Re: Suggestion for new pattern item like %bxy

Roberto Ierusalimschy
> 2017-02-15 12:35 GMT+02:00 Egor Skriptunoff <[hidden email]>:
>
> > Delimiters are usually part of the container, not part of the payload.
> >
> > In real life you are usually throwing away all packing materials
> > of all the thing you have bought, isn't it?
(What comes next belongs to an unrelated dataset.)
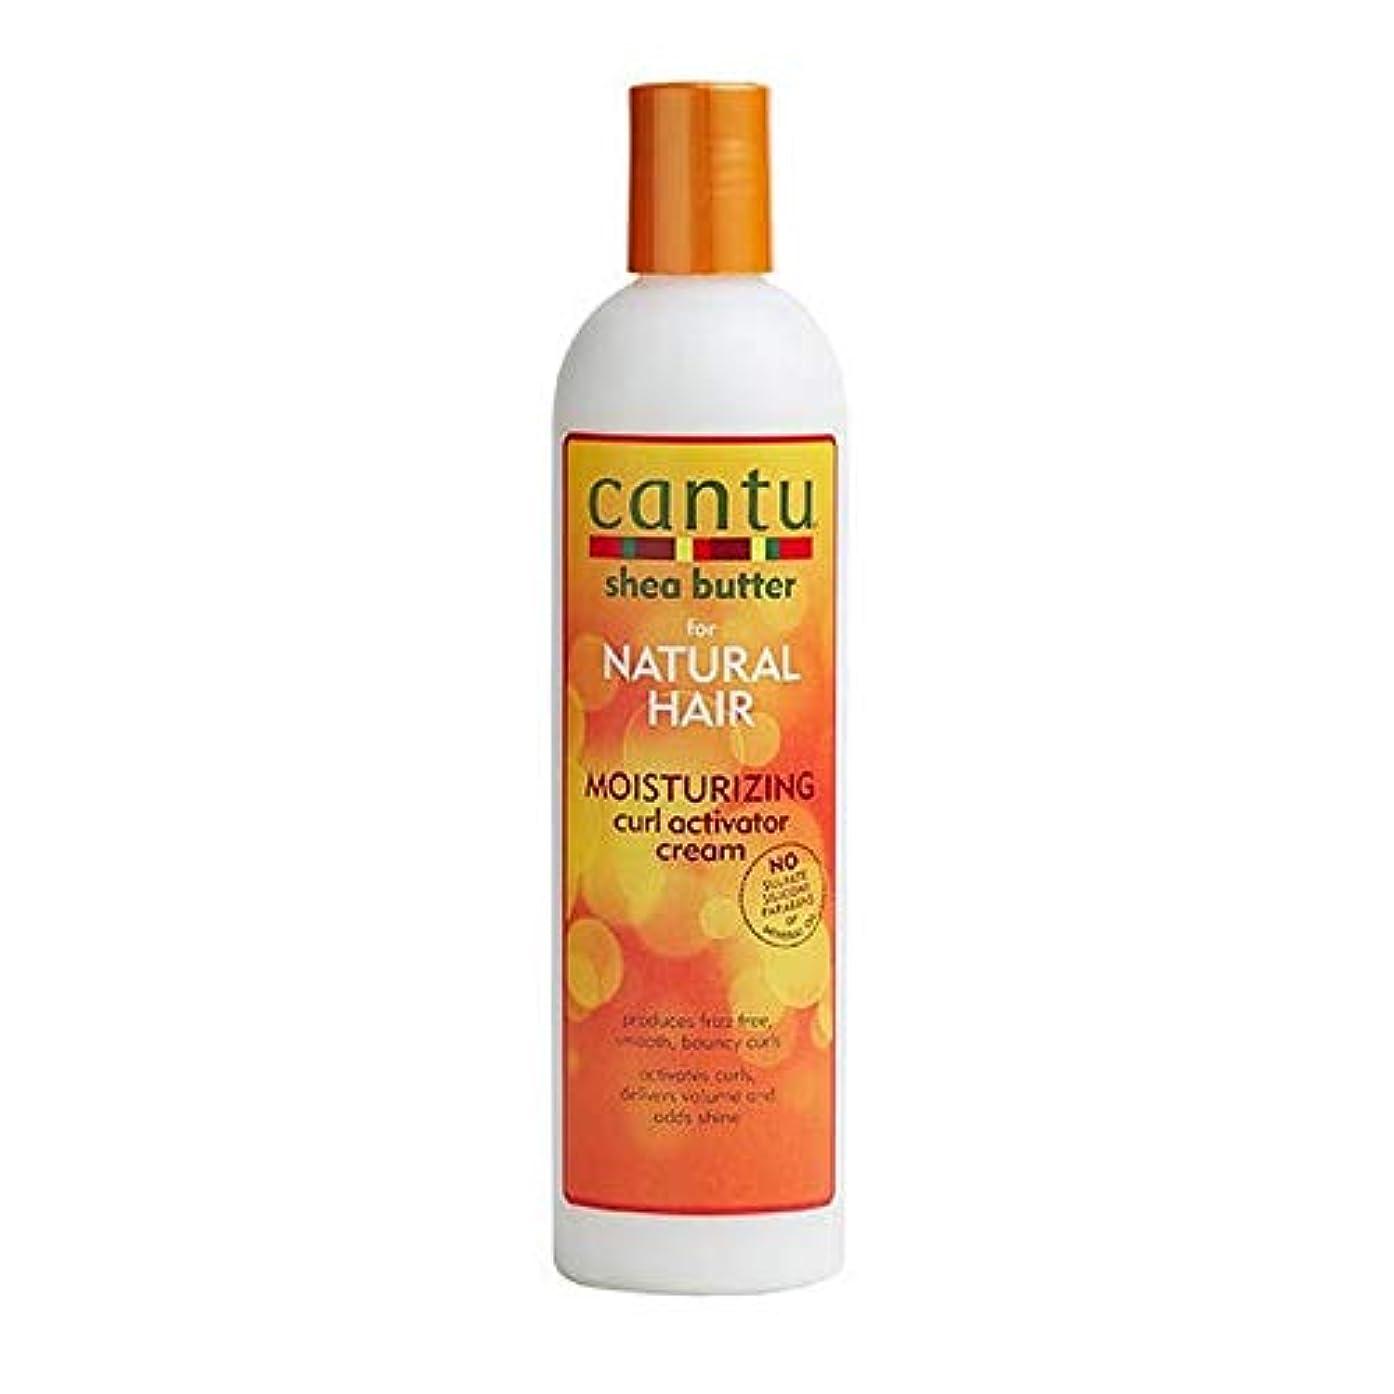 ふつう人里離れたポゴスティックジャンプ[Cantu ] カールアクチベータークリーム355ミリリットル保湿カントゥ自然な髪 - Cantu Natural Hair Moisturizing Curl Activator Cream 355ml [並行輸入品]

As Jorome already pointed out, %b and %B are not on the same foot. You
guys are actually comparing '%B' with '(%b)'. Again repeating Jerome,
a '%B' would be a new class of beast that matches *and* captures,
something that does not currently exist in Lua.

-- Roberto

Reply | Threaded
Open this post in threaded view
|

Re: Suggestion for new pattern item like %bxy

Soni "They/Them" L.


On 15/02/17 12:47 PM, Roberto Ierusalimschy wrote:

>> 2017-02-15 12:35 GMT+02:00 Egor Skriptunoff <[hidden email]>:
>>
>>> Delimiters are usually part of the container, not part of the payload.
>>>
>>> In real life you are usually throwing away all packing materials
>>> of all the thing you have bought, isn't it?
> As Jorome already pointed out, %b and %B are not on the same foot. You
> guys are actually comparing '%B' with '(%b)'. Again repeating Jerome,
> a '%B' would be a new class of beast that matches *and* captures,
> something that does not currently exist in Lua.
>
> -- Roberto
>
I read this as "you should use LPeg".

To OP: You should use LPeg.

--
Disclaimer: these emails may be made public at any given time, with or without reason. If you don't agree with this, DO NOT REPLY.


Reply | Threaded
Open this post in threaded view
|

Re: Suggestion for new pattern item like %bxy

Luiz Henrique de Figueiredo
In reply to this post by Dirk Laurie-2
Dirk Laurie said:

> Mine is more typically a case where the source string is being parsed,
> e.g. I wish to go from
>
> y = a * ( b + c * ( d - e )) + f
>
> to
>
> t1 = d - e
> t2 = b + c * t1
> y = a * t2 + f

Here is a program that I've used to generate linear code for arithmetic
expressions. It is a recent incarnation of the one described in the
first journal paper on Lua <http://www.lua.org/spe.html> some 20 years ago!
Start reading at "Another unusual facility provided by fallbacks is the
reuse of Lua's parser".
--lhf

local MT={}
local V={}
local N=0

local function var(name)
 local t={name=name}
 V[name]=t
 _G[name]=t
 return setmetatable(t,MT)
end

local function S(a)
 if type(a)=="table" then return a.name else return a or 0 end
end

local function arithfb(a,b,op)
 local i=op .. "(" .. S(a) .. "," .. S(b) .. ")"
 if V[i]==nil then N=N+1; V[i]=var("t"..N,N); print(V[i].name ..'='..i) end
 return V[i]
end

local t={"add", "sub", "mul", "div", "unm", "pow"}
for i,v in next,t do
 MT["__"..v]=function (a,b) return arithfb(a,b,v) end
end

local function vars(s)
 for x in string.gmatch(s,"(%w+)") do var(x) end
end

vars"x,y"
return 2/3*x +(x^2-y^2)/(3*(x^2+y^2)), 2/3*y-2*(x*y)/(3*(x^2+y^2))